What happens if you have a need for a program, but no budget has been set aside for new projects? Perhaps the only opportunity you have is to show the value for the project compared to the cost. An ROI forecast will show the monetary value that the project will deliver compared to the proposed cost of the project. If there is a significant positive difference, this may convince executives to move forward and implement the project. The challenge is to make a compelling business case, one that will convince even the most conservative CFO to allocate funds for the project.

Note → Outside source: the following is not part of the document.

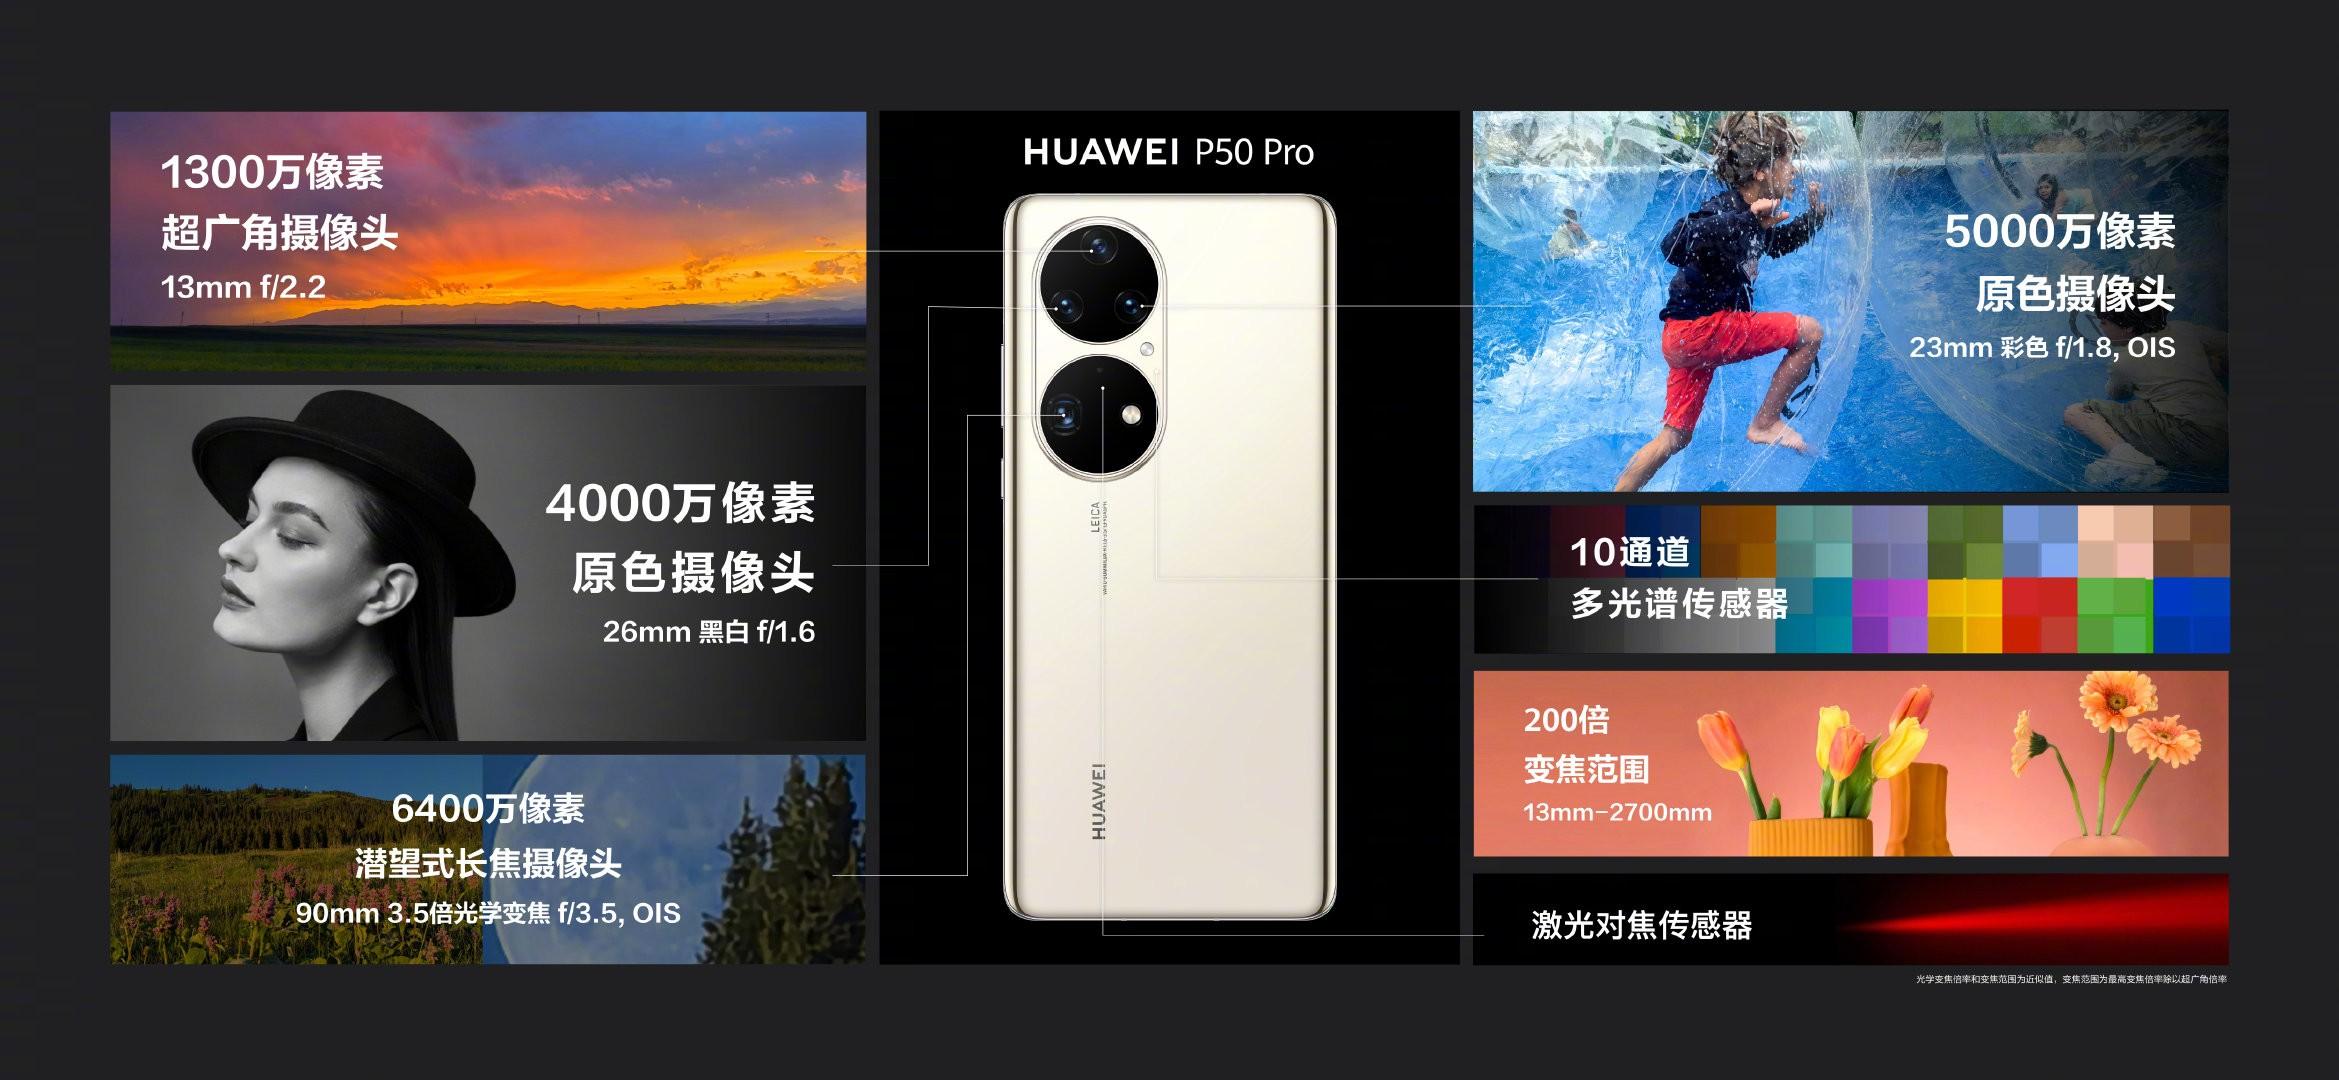 أبرز الاختلافات بين هواتف Huawei P50 وP50 Pro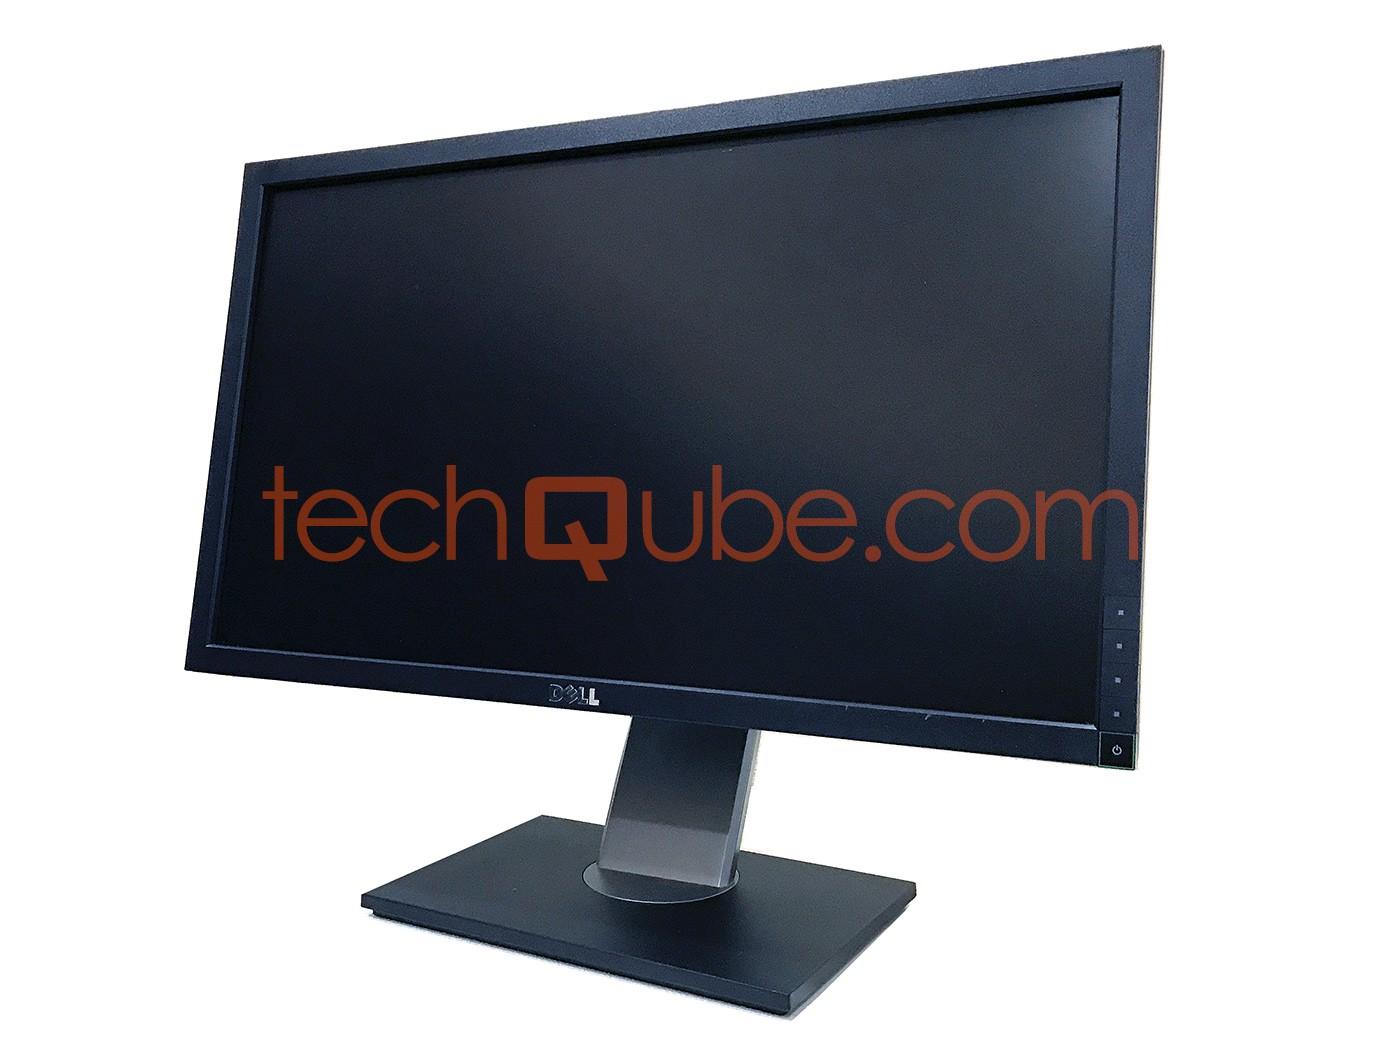 E1910 48cm (19 ) Widescreen Flat Panel Monitor

This article describes how to create a forecast for a program that was not expected. This type of forecast connects the proposed program to business measures that will improve if this program is implemented. When the monetary value of this improvement is calculated and compared to the projected cost of the program, a financial ROI is forecasted. The challenge is to be conservative with analysis and credible with the conclusions.

The Approach

The approach to preparing an ROI forecast for your program involves several straightforward steps:

  1. Start with why and connect to the business measure. The program should begin with the problem defined by a business measure or an opportunity defined by a business measure. The key is to understand why the program is needed. What business measure will improve if you implement the program? This is absolutely necessary when forecasting the financial ROI.
  2. Make sure you have selected the right solution. If you are implementing a learning program, you need to make sure that the program will drive the business measure. This may involve questions, discussions, analysis, or benchmarking. The key is to make this connection to business needs.
  3. Expect success for the project. This involves developing objectives at four levels for how you want participants to make the program successful. These four levels focus on:
    1. Expected reaction to the program
    2. Expected learning, what participants should learn
    3. Expected application, What participants should be doing with what theyโ€™ve learned
    4. The experts will estimate the impact that the application of the learning should have on the business measure identified at the beginning of the project. The precision for the objective for level 4 will come in the next step.
  4. Estimate the impact of this program on the business measure. Using the best experts, who understand the program (content) and where the people are working (context), ask them to estimate the impact on the business measure from this particular program. The experts may be the requestors for the program, the person who understands the need, the supplier, or someone who has a benchmarking study.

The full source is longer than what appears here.